Frequently Asked Questions

Is this a good Throttle Quadrant for MSFS?
80.5/100 for MSFS makes the Honeycomb Bravo Throttle Quadrant a reliable choice for the platform. Six individually configurable levers with physical detents shine during multi-engine IFR departures in MSFS 2024 where managing throttle, prop, and mixture simultaneously without axis conflicts is essential. For VR city flyovers with live AI traffic where you need both hands fully occupied, pairing it with a dedicated rudder pedal set would close the remaining control gap.
Is it worth the price for MSFS?
At the budget tier, most throttle quadrants ship with three levers, no physical detents, and fully plastic construction — the Bravo's six-lever hybrid build with indexed detent positions represents a meaningful step above that baseline. The axis count alone justifies the category for any pilot running complex single or twin-engine aircraft in MSFS 2024 who needs clean, uncompromised control mapping.
What should I look for in a Throttle Quadrant for MSFS?
Lever count matters in MSFS because the sim's aircraft library spans everything from single-engine trainers to turboprops, and running a Beechcraft King Air correctly means having dedicated axes for throttle, prop pitch, and condition levers simultaneously without double-mapping. Build quality becomes critical during extended online multiplayer sessions on VATSIM where consistent lever travel and repeatable detent positions directly affect your ability to hold assigned speeds on approach without drift. The Honeycomb Bravo scores 100/100 on lever count and 70/100 on build quality, landing it at 80.5/100 overall — solid on axis coverage, with the hybrid construction being the only area that separates it from higher-tier options.
Is the Honeycomb Bravo Throttle Quadrant compatible with MSFS?
The Bravo connects via USB direct and MSFS 2024 detects it automatically on launch, placing it in the control settings as a recognized peripheral without requiring driver installation.
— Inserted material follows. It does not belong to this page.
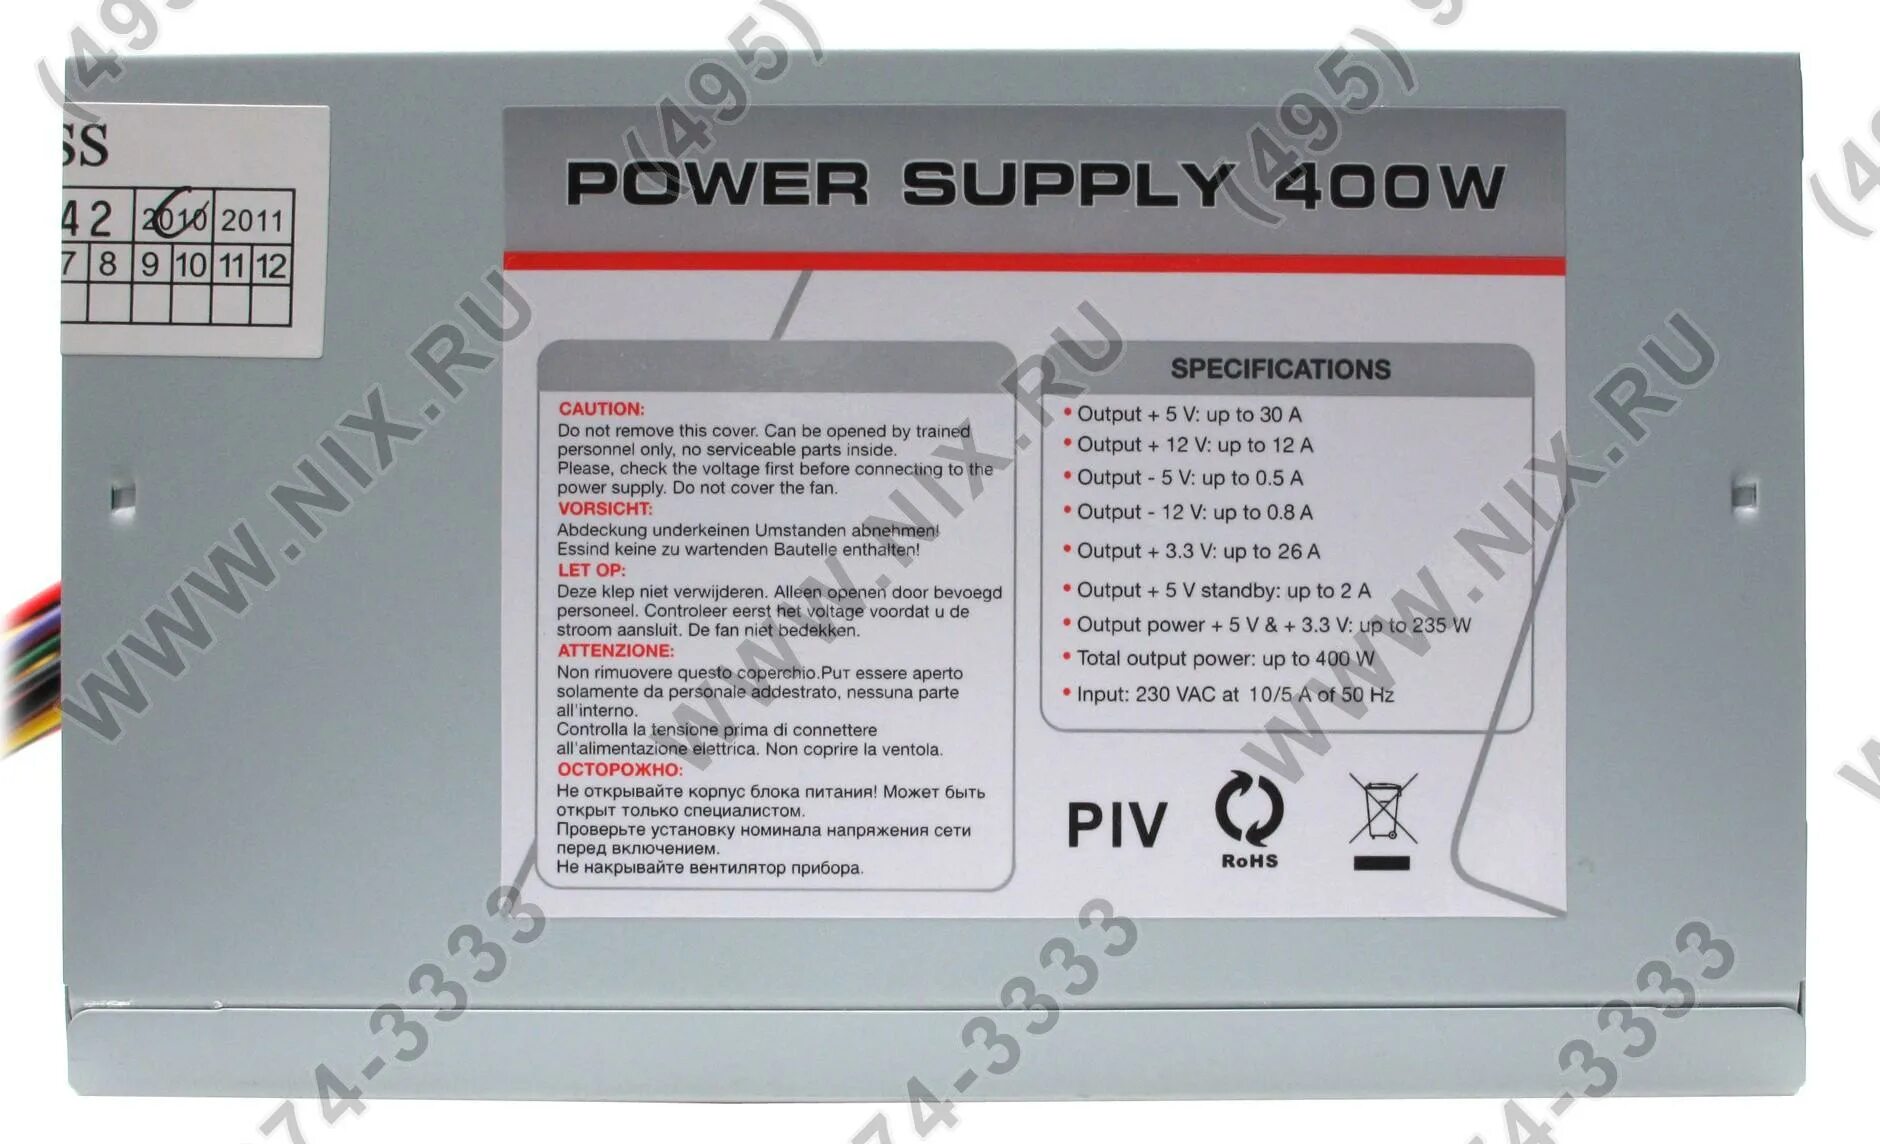 Блок питания функции. Блок питания от компьютера Power Supply 400w. Блок питания High Power si-a400m2 400w. Блок питания w300u2428&12. Блок питания Power Supply 400w характеристики.

You'll want to manually confirm bindings for toe brake axes, prop pitch, and mixture levers in the MSFS control settings menu since MSFS's auto-detection occasionally leaves secondary axes unassigned on first profile load.
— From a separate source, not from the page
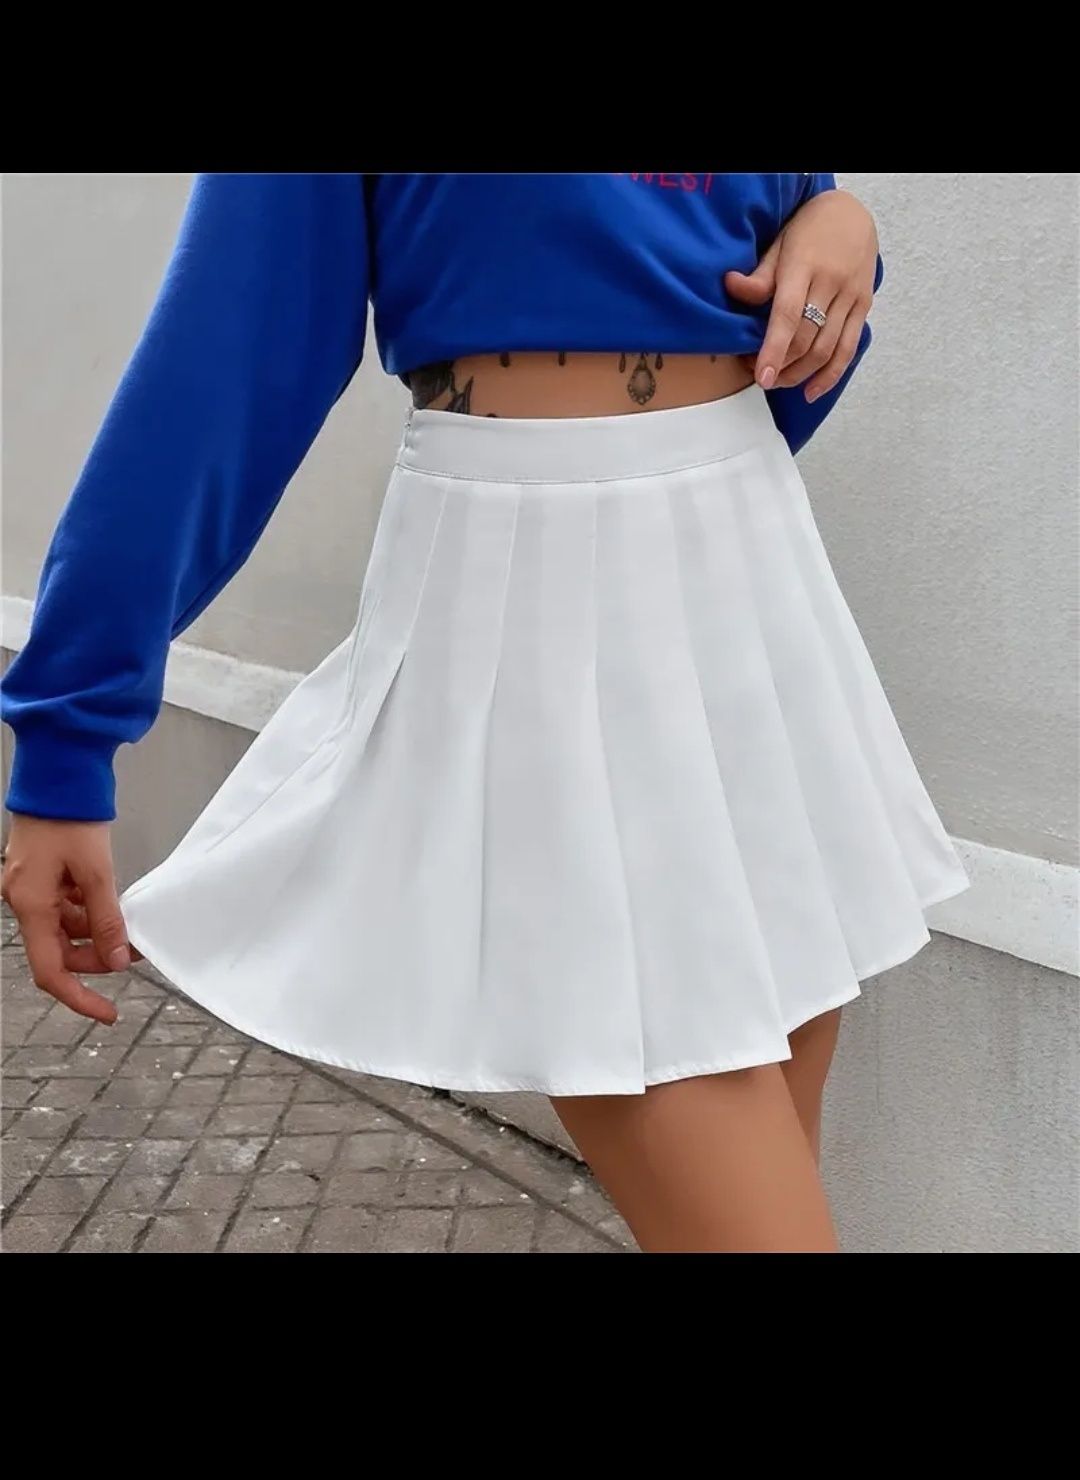 Пола/панталон - бяла/s. Уникална пола за лятото - плисирана

How should I configure this in MSFS?
Set sensitivity curves to a light S-curve (around -10% sensitivity) on the throttle axes to smooth out the slight mechanical deadband near the detent positions and reduce micro-jitter during cruise power holds. Apply a 2–3% dead zone on mixture and prop levers to prevent false axis movement from the lever wobble inherent in the hybrid construction, and leave null zone at zero to keep full axis range available for precise power management on final approach.